Monday, November 7, 2011

Relative growth cycle - more than EU debt crisis dictates a serious look at potential for much lower EURUSD.


 

INTERNAL NOTE ONLY.

 

 

My colleague Peter Garnry was kind enough to quickly program a small excel thing which can track changes to growth by consensus using the ECST function on Bloomberg. This is the result.

 

One of my main themes over the last quarter has been a "relative outperformance" of the US economy relative to consensus. This has materialized and our call was almost entirely driven by Consumer Metric data which over the last three years has outperformed any other relevant predictor. This is now slowing down slightly, but still elevated. Meanwhile Europe start election cycle where Spain goes to the election in less than two weeks, while Sarkozy starts his re-election campaign when he is done playing Napoleon in European politics.

 

The outlook for 2012 is a "Perfect Storm" with increased austerity, higher unemployment, and weaker global growth(read: China).

 

European consensus growth by market consensus

 

Source: Bloomberg & Saxo Bank

 

European growth coming off hard and has been in almost free fall since end of July.

 

US consensus growth by market consensus

 

Source: Bloomberg & Saxo Bank

 

Meanwhile US growth have seen low and looks higher, but……there is a number of issues ahead:

 

1.       The Super Committee needs to finalize its work by this weekend in order to secure proper processing Congress. WSJ journal this morning says sources tell them some progress is being made and main point for now are: A. Limiting tax deductions replacing tax hikes. B. Getting permanent Bush tax as payment and most importantly for FX markets: C. HIA – Republicans seems fighting for repatriating capital back to the US at tax rate of 5.25% vs. presently 35% - this topic has even been on 60 Minutes, so to me it looks like "deal to be done shortly" as it plays nicely to create "Job creating program.

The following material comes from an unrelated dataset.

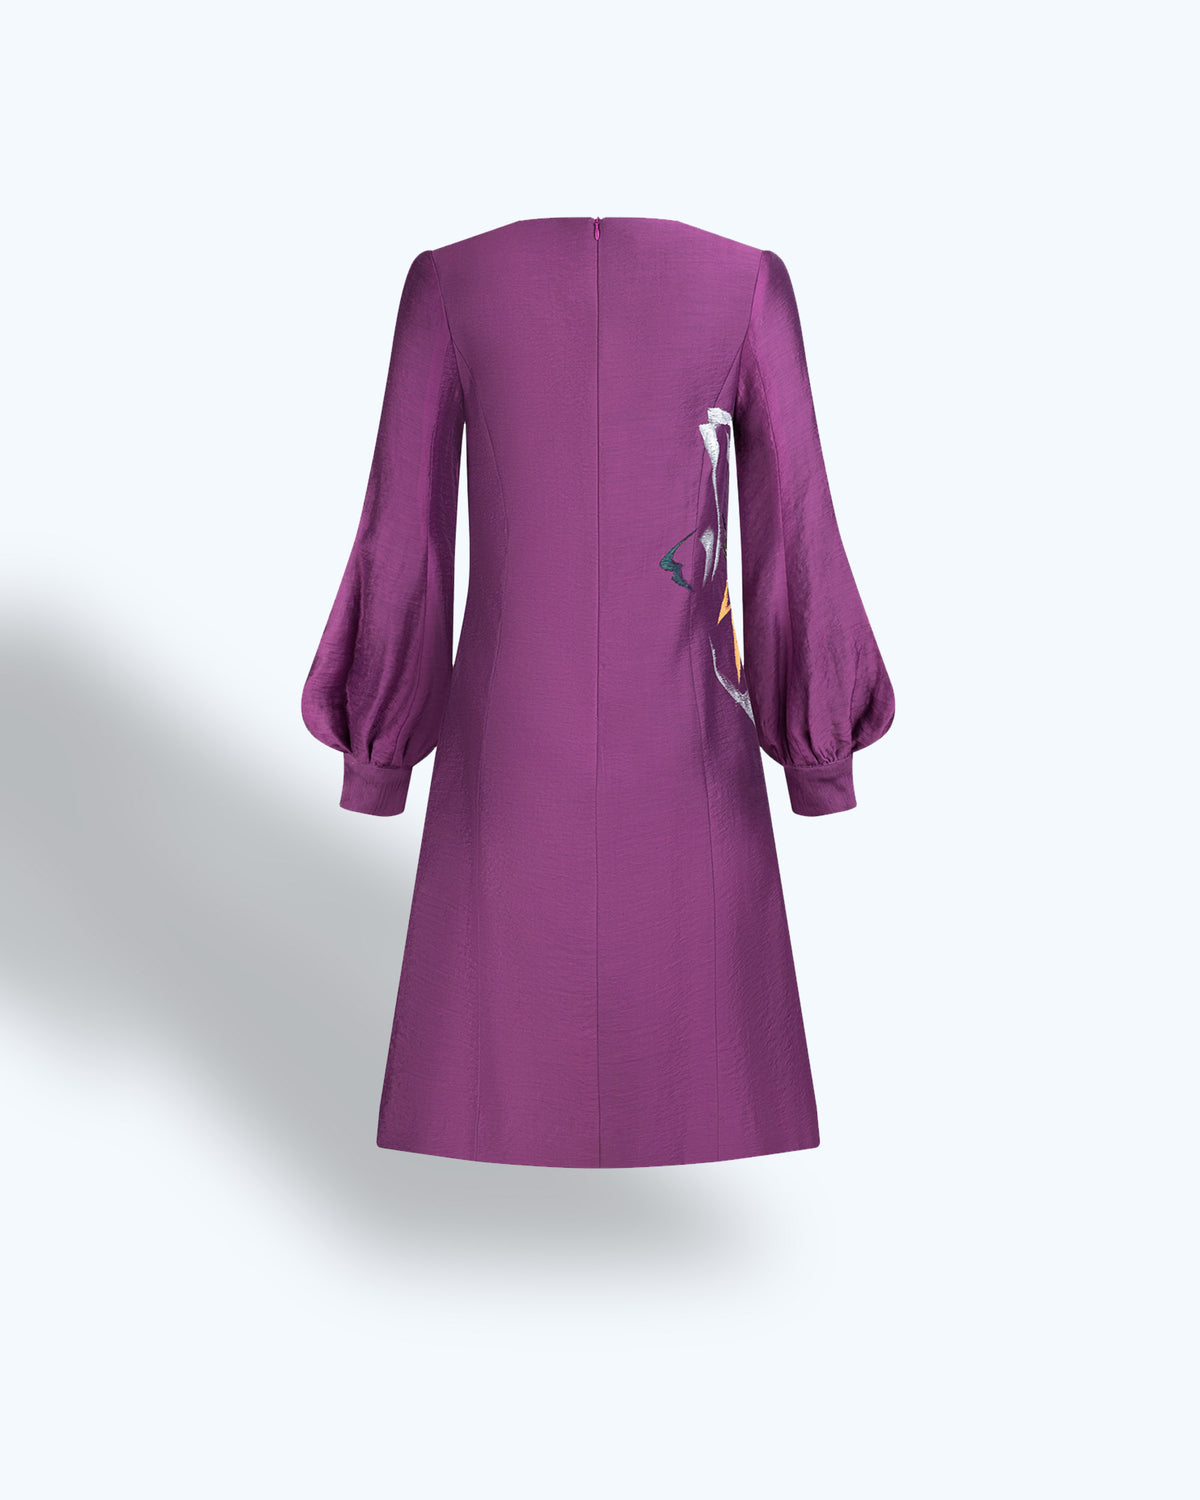 Amaryllis-painted Puff Sleeve Purple Mini Dress

2.       The headwind from fiscal tightening will equal negative 1.00 pc of GDP – this is federal, state and local communities trying to cut back mainly, but also investment remains meeker.

 

Conclusion

 

 

 

A long life have taught me that everything "mean-reverts" – when I moved back from the US in 2000, the EURUSD was trading below 0.8400 – since then the US has pursued a policy a "benign neglect" and succeeded in making the US extremely weak by all definitions.

 

Clearly the US has debt issues on their own, but currencies are relative trades. To me we are entering long-term up cycle for the US dollar. The final QE/Printing of money will come in Q1 of 2012 and could cement the low, but I am willing to start overweighting US dollar relative to Europe, not Japan, and further down the road to go full in. I suggest for European to initiate the first 25% now as EUR/USD is out of touch with relative rates, funding needs, and relative dynamics of the economies.

 

There are four major components to my long-term bullishness:

 

1.       The EU debt crisis – when ECB becomes lender-of-last-resort we will see 10 figure move lower.

2.       Relative growth differences – The US is more dynamic and with only "one master" . – i.e. Congress vs. Europeans 27 members and lacking fiscal union.

3.       Competitiveness. US will able to compete on labor costs with close to 20 pc real unemployment and incoming tax incentives..

4.       HIA – Homeland investment Act – as stated above the Super Committee is trying to get a reduced tax of 5.25% in place.

 

These things are floating. My bullishness is relative, but the biggest contributors to long-term wealth tends to be your choice of currency. I have a target of 100 in DXY for next year, so a 25% rise in the US dollar during 2012 – and in EURUSD terms the expected move is changed range from 1.30/1.40 now to 1.20/1.30 on ECB rolling over, another 5-6 figures on interest rates, and then HIA II we end around 1.10-1.15 for 2012 end target. Having predicted this I will, as always, add, my own believe in me being able to predict anything remains 0.001 pc.